## Work order
Every line from the start of the data through the line containing "Peinture numérique d'une" should be retyped exactly; the pictures should not.

## Dataset excerpt
--- --- ---

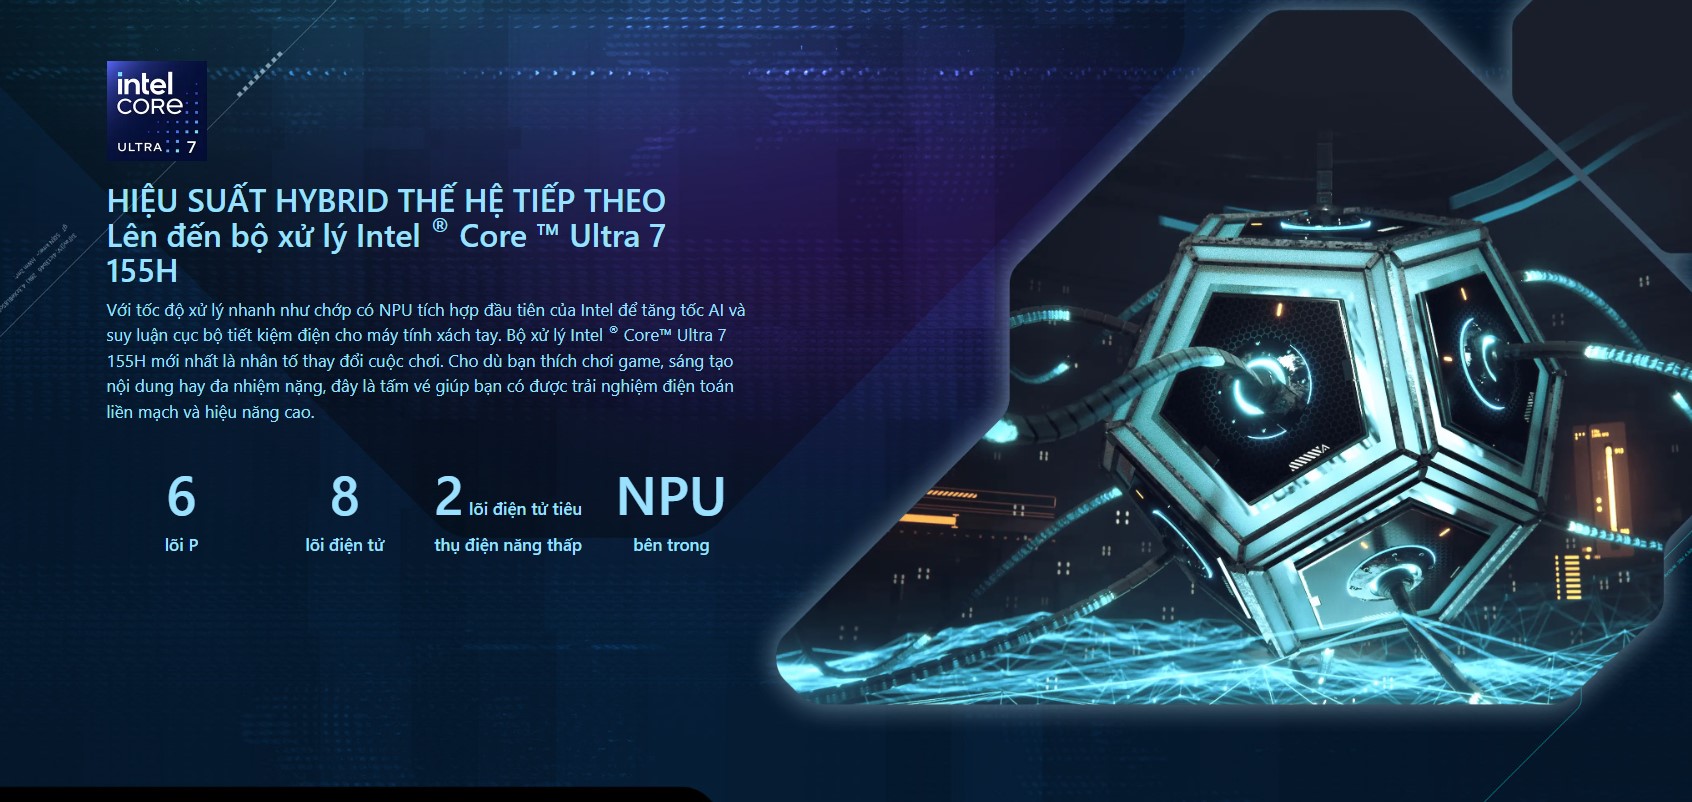 HIỆU SUẤT HYBRID THẾ HỆ TIẾP THEO Lên tới bộ xử lý Intel® Core™ Ultra 7 155H
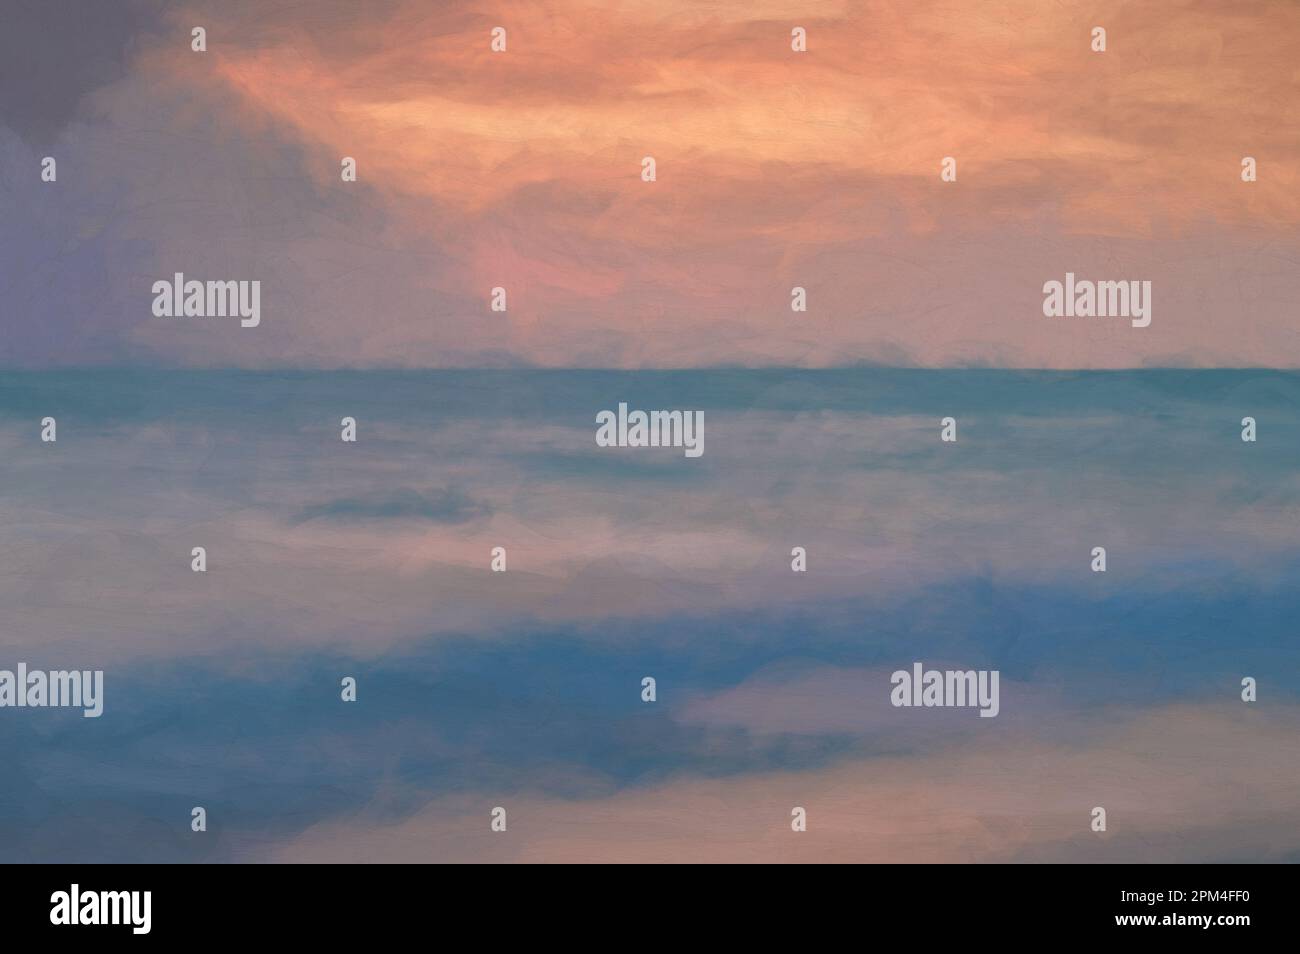 Peinture numérique d'une longue exposition de la mer à l'heure d'or, comme l'aube commence à se briser sur une plage de sable blanc. Banque D'Images
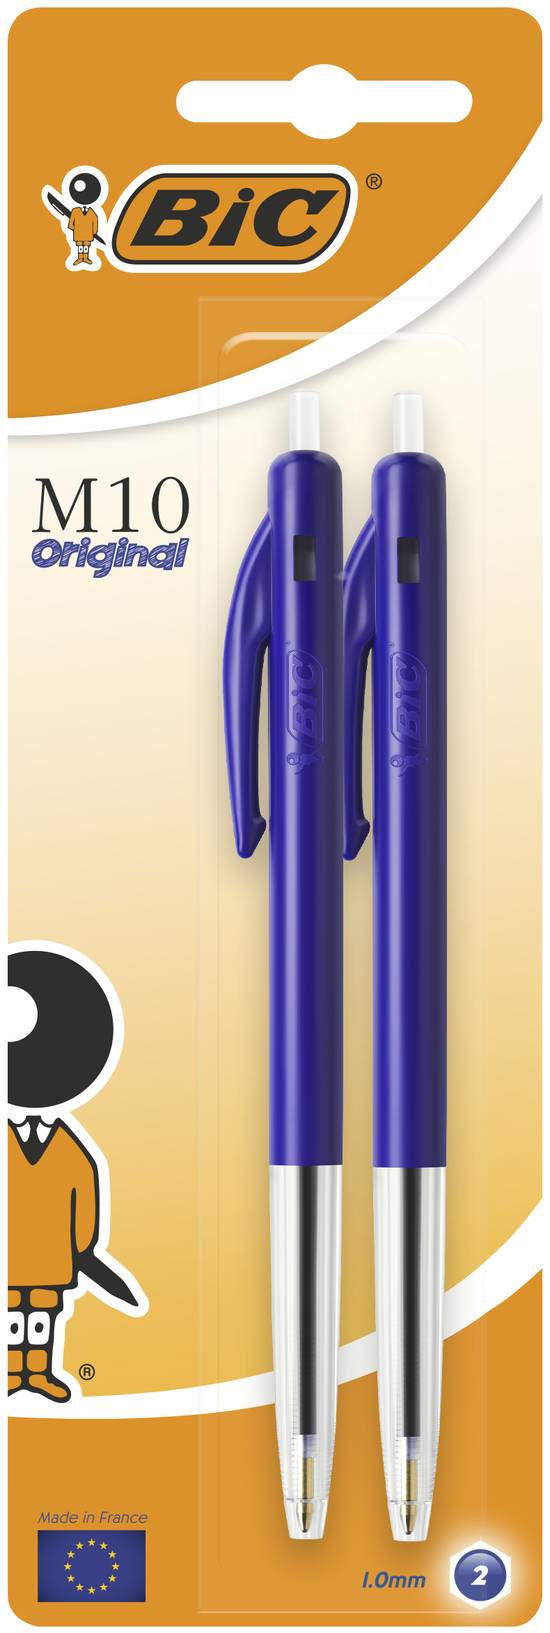 Bic - M10 original stylos-bille rétractables pointe moyenne (1,0 mm) bleu, 2 pcs

--- --- ---

## Worked solution
 HIỆU SUẤT HYBRID THẾ HỆ TIẾP THEO Lên tới bộ xử lý Intel® Core™ Ultra 7 155H
 Peinture numérique d'une longue exposition de la mer à l'heure d'or, comme l'aube commence à se briser sur une plage de sable blanc. Banque D'Images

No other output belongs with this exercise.